Currently, there's no way to create or display forwarding rules in the firewalld module.
They're pretty easy to work with (though I'm still wrapping my head around which zone to put the damned things in). In short:
# firewall-cmd --permanent --zone=public --add-forward-port=port=2222:proto=tcp:toport=22:toaddr=192.168.1.100
Which would forward port 2222 on interfaces in the public zone to port 22 on local IP 192.168.1.100.
To get a list of forwarded ports:
# firewall-cmd --zone=public --list-forward-ports
As far as I can tell, there is no way to get a list of all forwarded ports, but we only display the currently selected zone, anyway...so, it'd probably work the same way. Just put it into another table underneath the open ports/services, maybe.
This kind of rule is super useful in Cloudmin systems, as any testing/devel system could be on a private IP and ports could be forwarded relatively easily (I do it all the time on srv1 for testing Virtualmin installs).
Comments
Submitted by JamieCameron on Mon, 06/12/2017 - 21:21 Comment #1
This should be do-able ... I'll look into adding it for the next Webmin release.
Submitted by JamieCameron on Sat, 06/17/2017 - 18:24 Comment #2
This has been implemented for inclusion in the next Webmin release.
Submitted by JamieCameron on Sat, 06/17/2017 - 18:24 Comment #3
I would also love to see the firewalld module developed a little. It isn't nowhere near the iptables one :)
Any chance to have proper rich rules? Those don't even appear if you custom add something.
Submitted by JamieCameron on Mon, 06/26/2017 - 23:14 Comment #5
Maybe ... although I feel that if you want all the power of iptables, you might as well just use the iptables module.
Please consider it as it is the default firewall in CentOS/RHEL as you surely know - when you got the time and (if you) feel like. Firewalld has all, at least the usual features iptables has.
Got nothing against iptables, what is there to say, but I for myself am trying to stay with the RHEL trend.
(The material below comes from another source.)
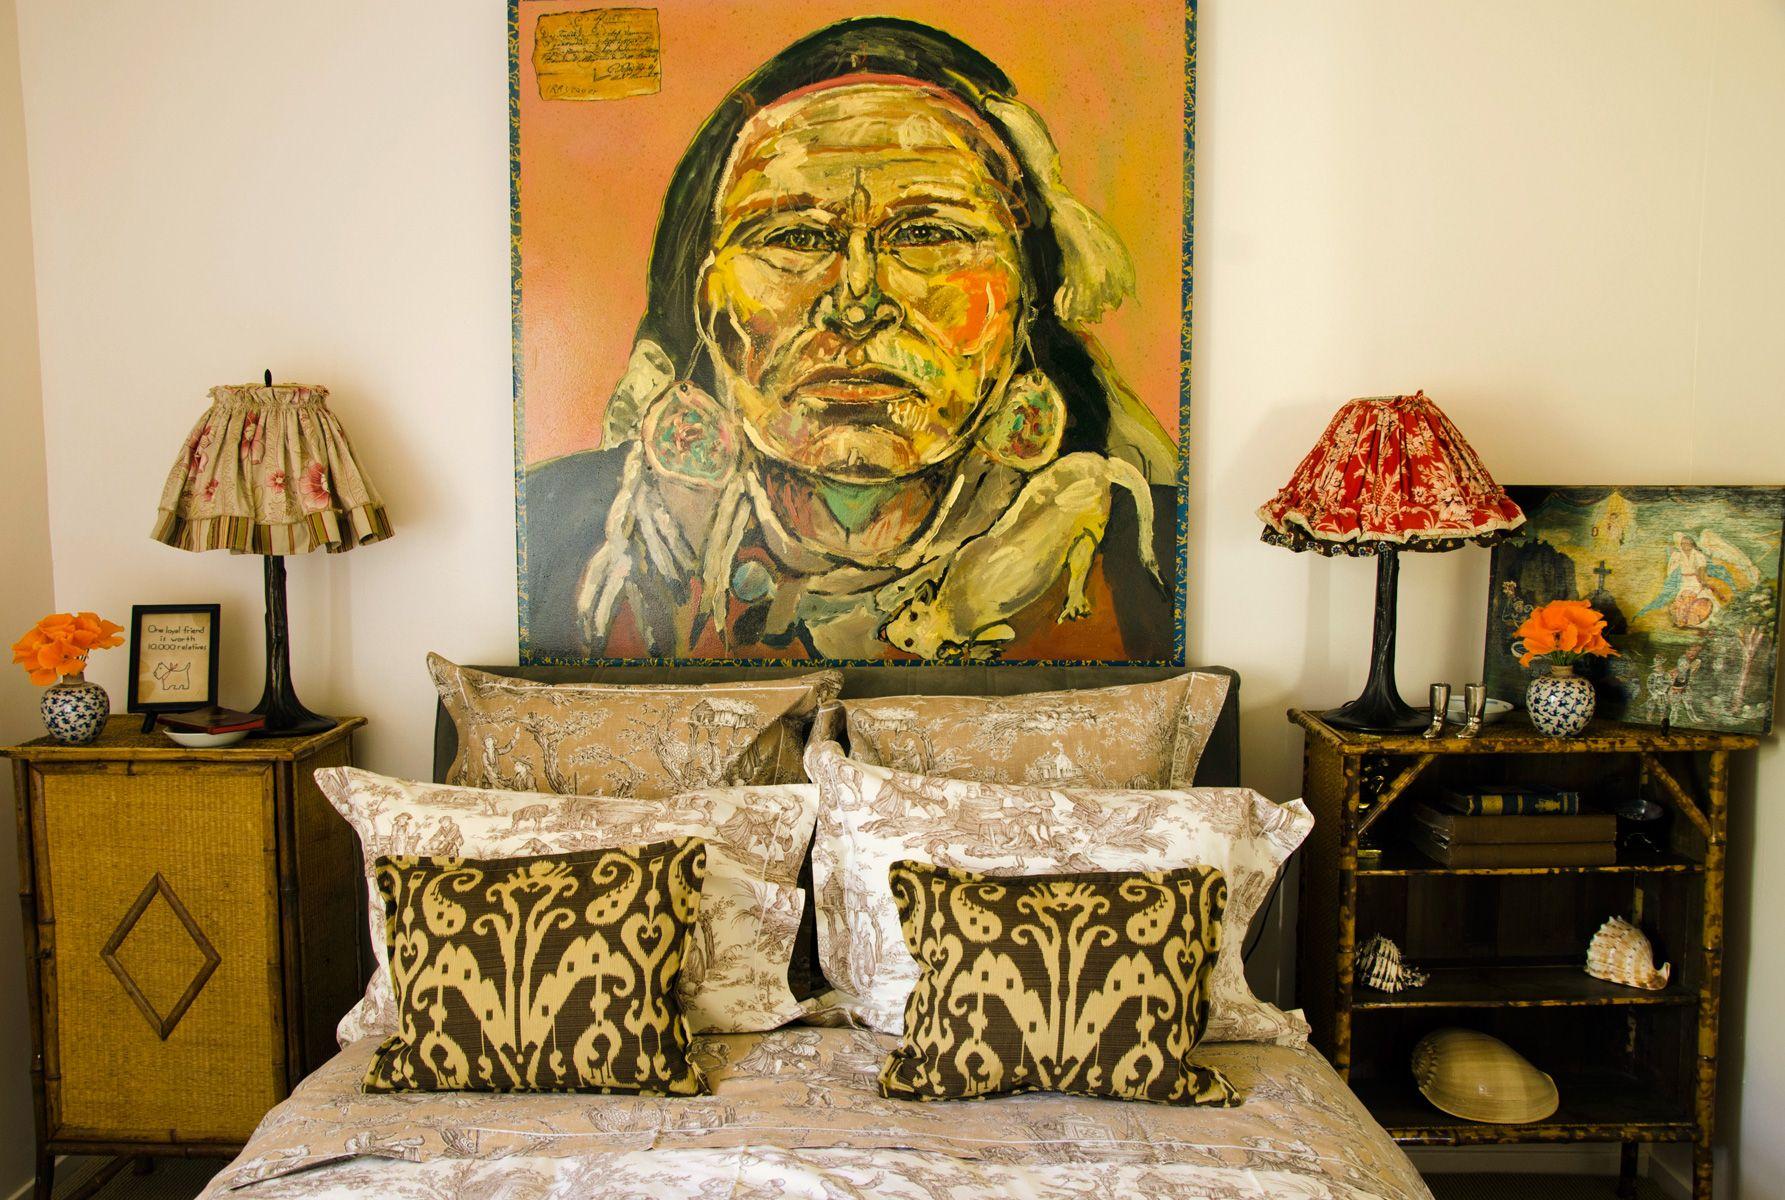 wall decor photos & paintings | HOME Wall decor photos & paintings ...
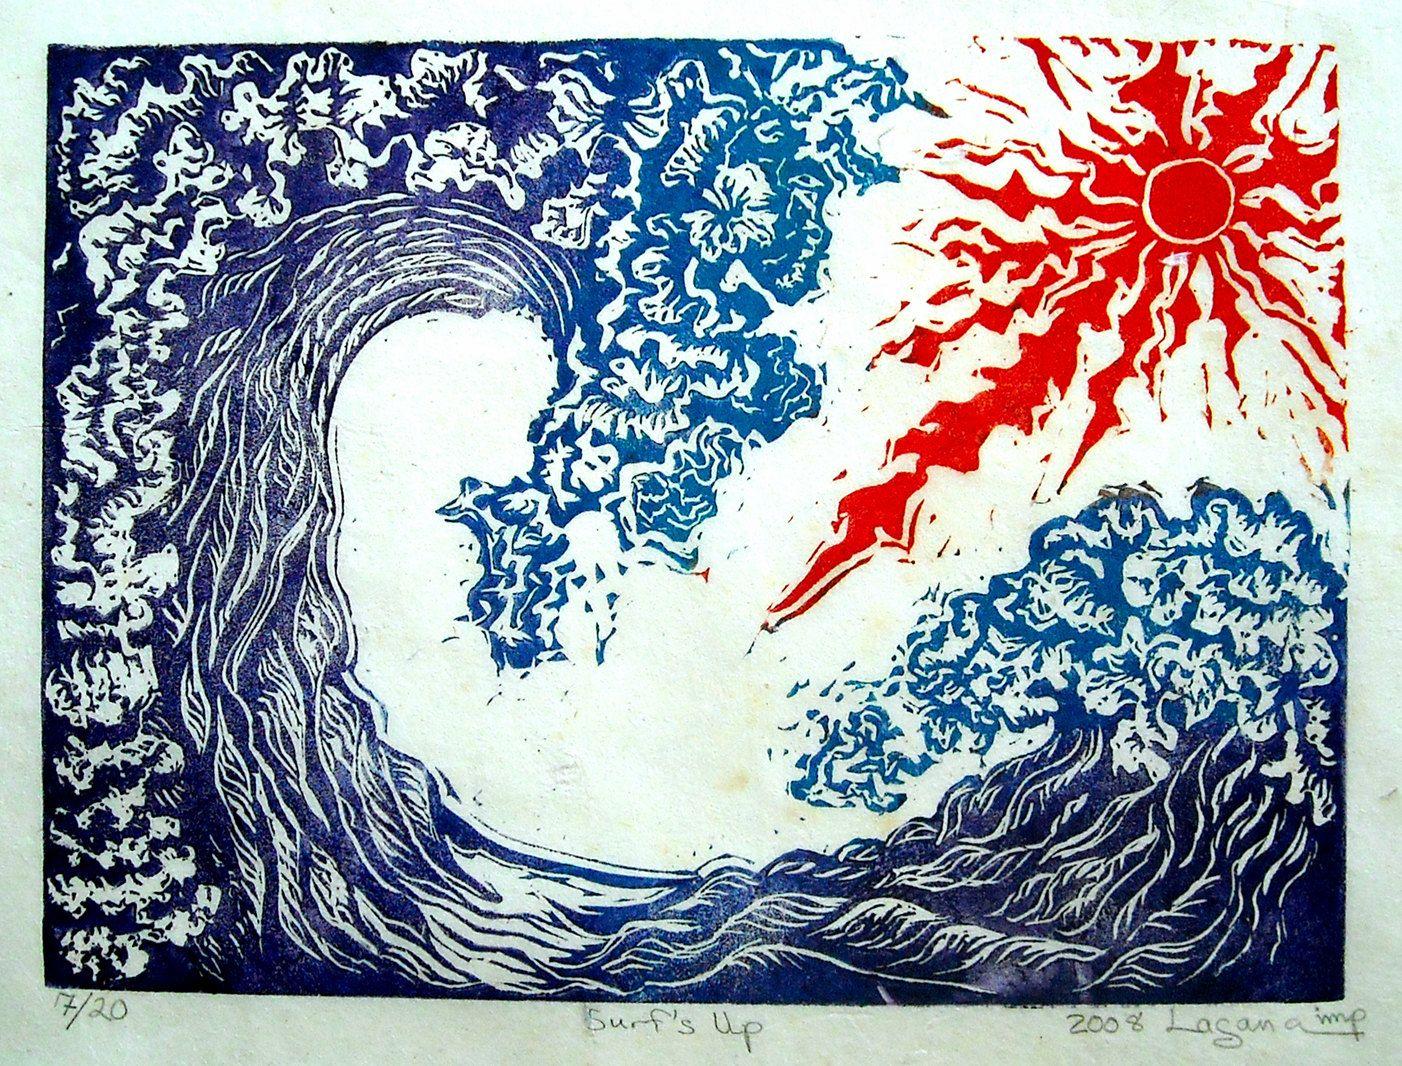 Surfs Up Limited Edition Color Linoleum Block Print Hand Printed

Otherwise I should probably go "Devuan" :D Which stands for an ancient curse against the systemd blasphemers, and of course that went just fine for them and the Debian users :D
Submitted by JamieCameron on Tue, 06/27/2017 - 22:58 Comment #7
I think CentOS has the option to switch to iptables as an alternative to firewalld though, right?
Anyway, I do have an entry on my todo list to improve firewalld support, so these features will come eventually.
Submitted by IssueBot on Tue, 07/11/2017 - 23:07 Comment #8
Automatically closed - issue fixed for 2 weeks with no activity.